Brilliantly simple is also the way he solved the scenes with dwarves repairing the decaying castle in Oldřich Lipský’s fairy tale comedy Long Live Ghosts! (1977). Novotný again used mirrors and false perspectives. The child actors stood close to the camera. On higher ground far behind them, there were adult stuntmen in dwarf costumes, appearing to be much smaller. Novotný’s always technically precise work also enriched the series Arabela, for which he made about 150 tricks.

Until his death in 1997, the cinematographer, DIY man and visionary Vladimír Novotný was constantly following the innovations in photography and related technical fields. This is one of the reasons why his trick mastery and inventiveness is admired and analyzed, frame by frame, by domestic and foreign artists alike even now, in an era of much more advanced digital technologies.

Martin Šrajer

Notes:

[1] Later on, Novotný also made a 3D film entitled Evžen Rošický Memorial Competition (Memoriál Evžena Rošického) together with Přemysl Prokop.

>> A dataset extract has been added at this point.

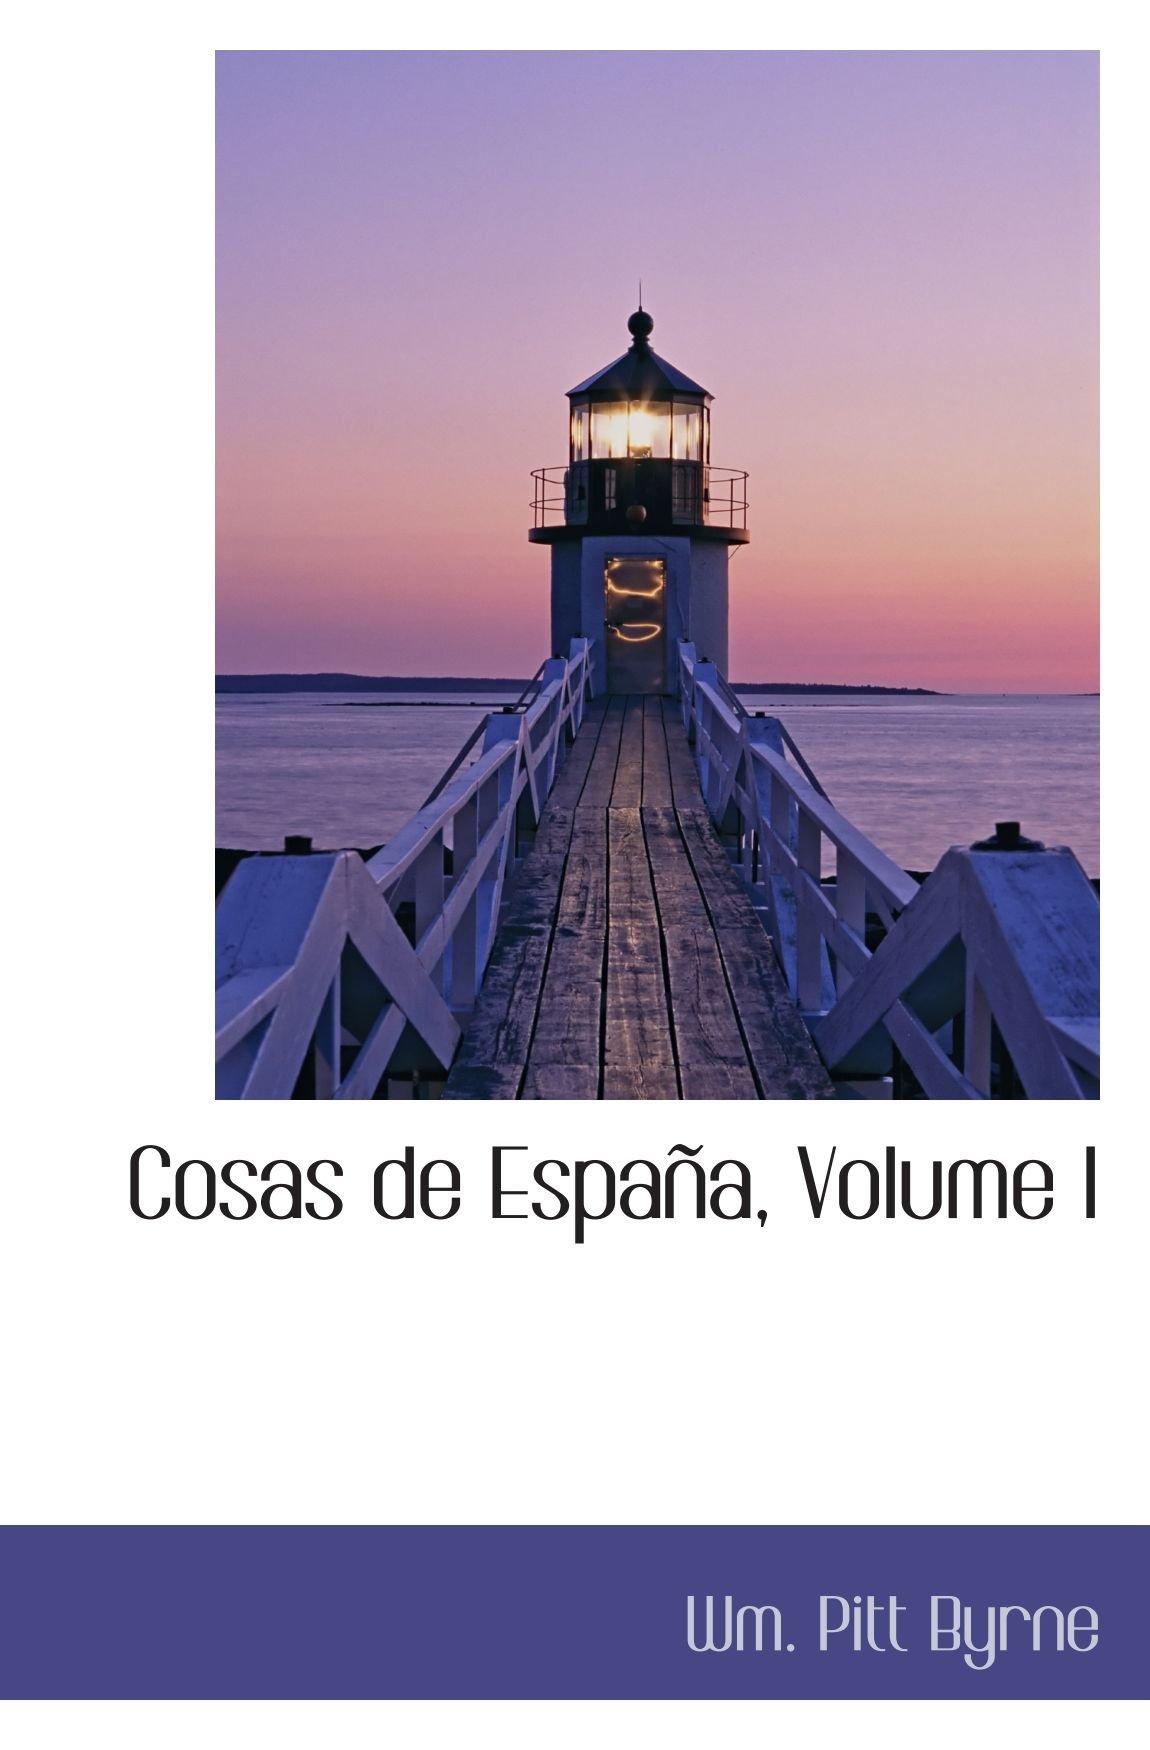 Cosas de España, Volume I: Amazon.es: Byrne, Wm. Pitt: Libros

For more information, see Vladimír Novotný, Stereoskopický film u nás. Film a doba 1, 1955, No. 9–10, pp. 434–435.

[2] Pavel Taussig, Maturanti po padesáti letech. Svědectví o filmu Před maturitou. Film a doba 28, 1982, No. 12, p. 687.

[3] Ivan Dvořák, Ztracenci. Kultura 1, 1957, No. 20 (16. 5.), p. 5.

[4] Vladimír Novotný, Něco o mé práci. Film a doba: otázky a problémy československé a světové kinematografie: soubor článků a statí o filmové tvorbě, y. 2, 1953, No. 3 (15. 6.), p. 323.

[5] Svatopluk Malý, Vznik. rozvoj a ústup multivizuálních programů. Laterna magika a polyekrany. Praha: Akademie múzických umění 2010.

[6] Pavel Skopal, „Svoboda pod dohledem“. Zahájení koprodukčního modelu výroby v kinematografiích socialistických zemí na příkladu Barrandova (1954 až 1960). In Týž (ed.), Naplánovaná kinematografie. Český filmový průmysl 1945 až 1960. Praha: Academia 2012, pp. 102–148.

[7] František Vrba, Široké plátno pro široké svědomí? Literární noviny 1958, No. 22, p. 4.

[8] For the western parody Lemonade Joe, Novotný was awarded two special awards at the San Sebastian IFF.